WILLEMSTAD - The General Audit Chamber has warned that a persistent shortage of qualified financial staff across ministries is severely delaying the government’s financial reform efforts and could derail Curaçao’s plan to obtain a clean audit opinion by 2026.
In its August 2025 assessment, the Chamber notes that many key financial control and audit positions remain vacant, slowing the execution of improvement projects under the Roadmap 2026 and the Landspakket reform agenda.
“Several financial functions still need to be filled. Because of the scarcity of skilled labor, it will be difficult to execute so many projects simultaneously,” the report states.

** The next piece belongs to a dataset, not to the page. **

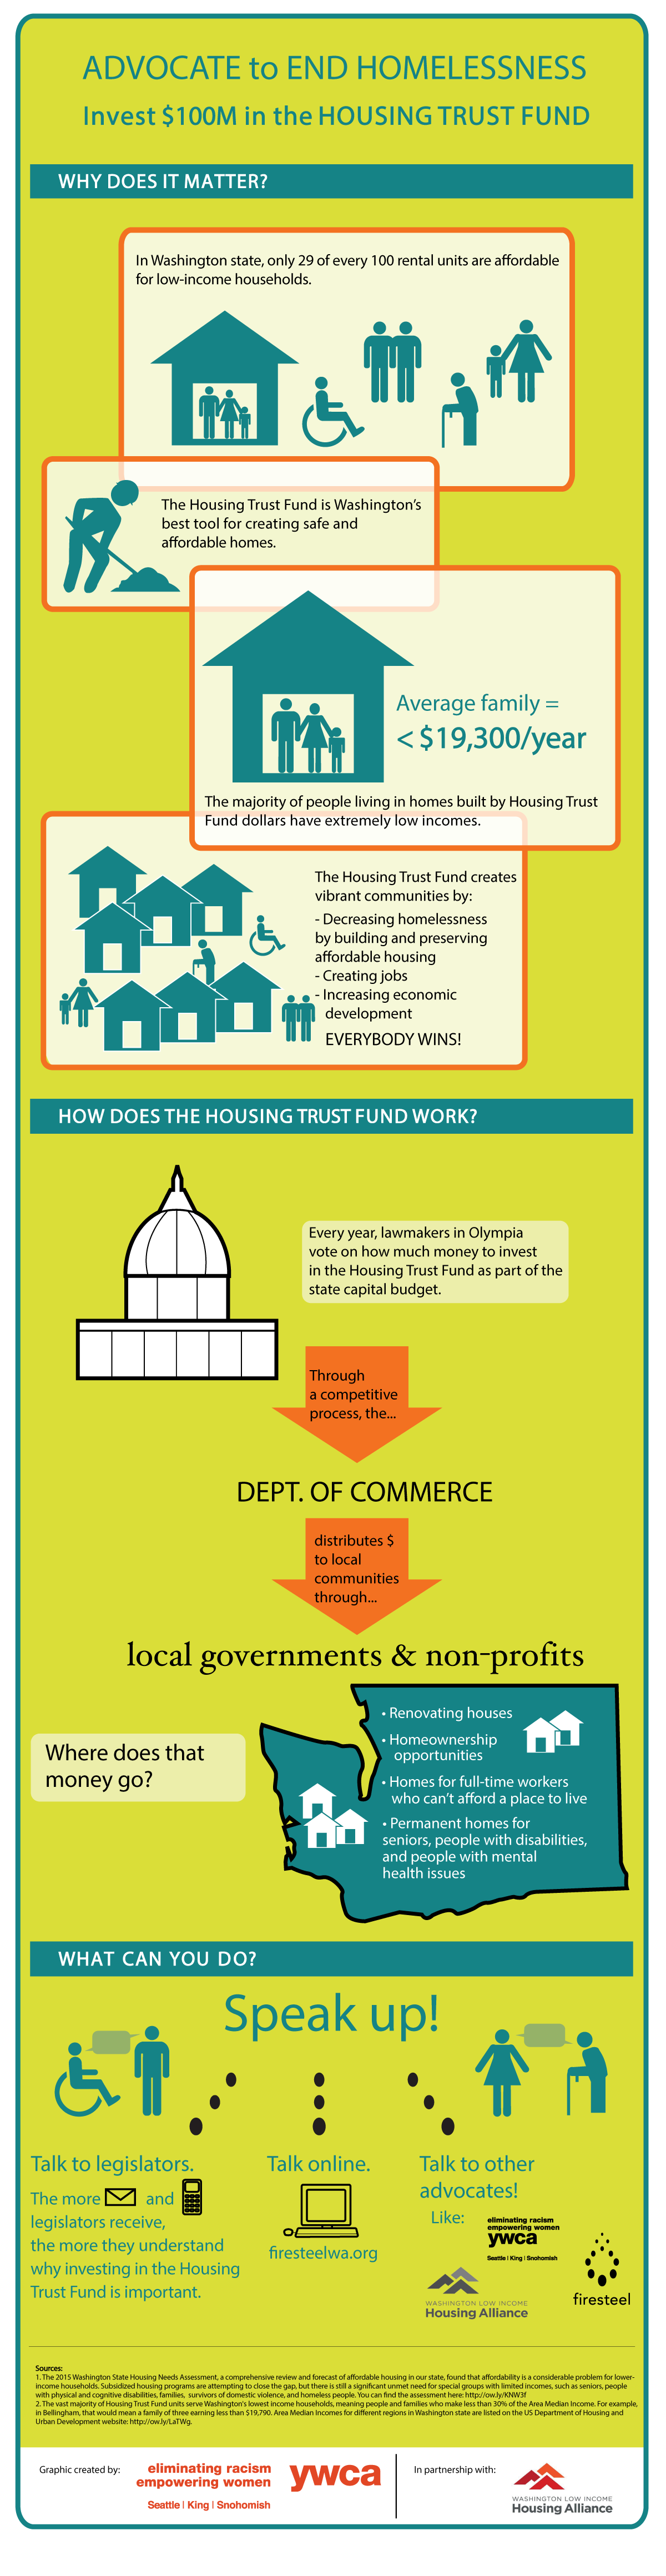 CREVAWC on X: Do women's shelters need money or items? The answer is both!  Check out this helpful infographic if you are wondering how you can donate  to women's shelters this holiday

The lack of personnel not only hampers daily financial operations but also prevents ministries from testing the effectiveness of new internal control systems (AO/IB) — one of the main requirements for earning a clean audit opinion. The Chamber warns that even where policies have been introduced on paper, their practical enforcement cannot be verified without adequate staff to carry out audits and reviews.
The Ministry of Finance has been urged to prioritize the recruitment and training of financial controllers and internal auditors, ensuring that improvements are not limited to administrative paperwork but translate into real operational discipline.
Without swift action, the report concludes, Curaçao risks entering 2026 with an incomplete reform process, undermining both fiscal transparency and public confidence in government accountability.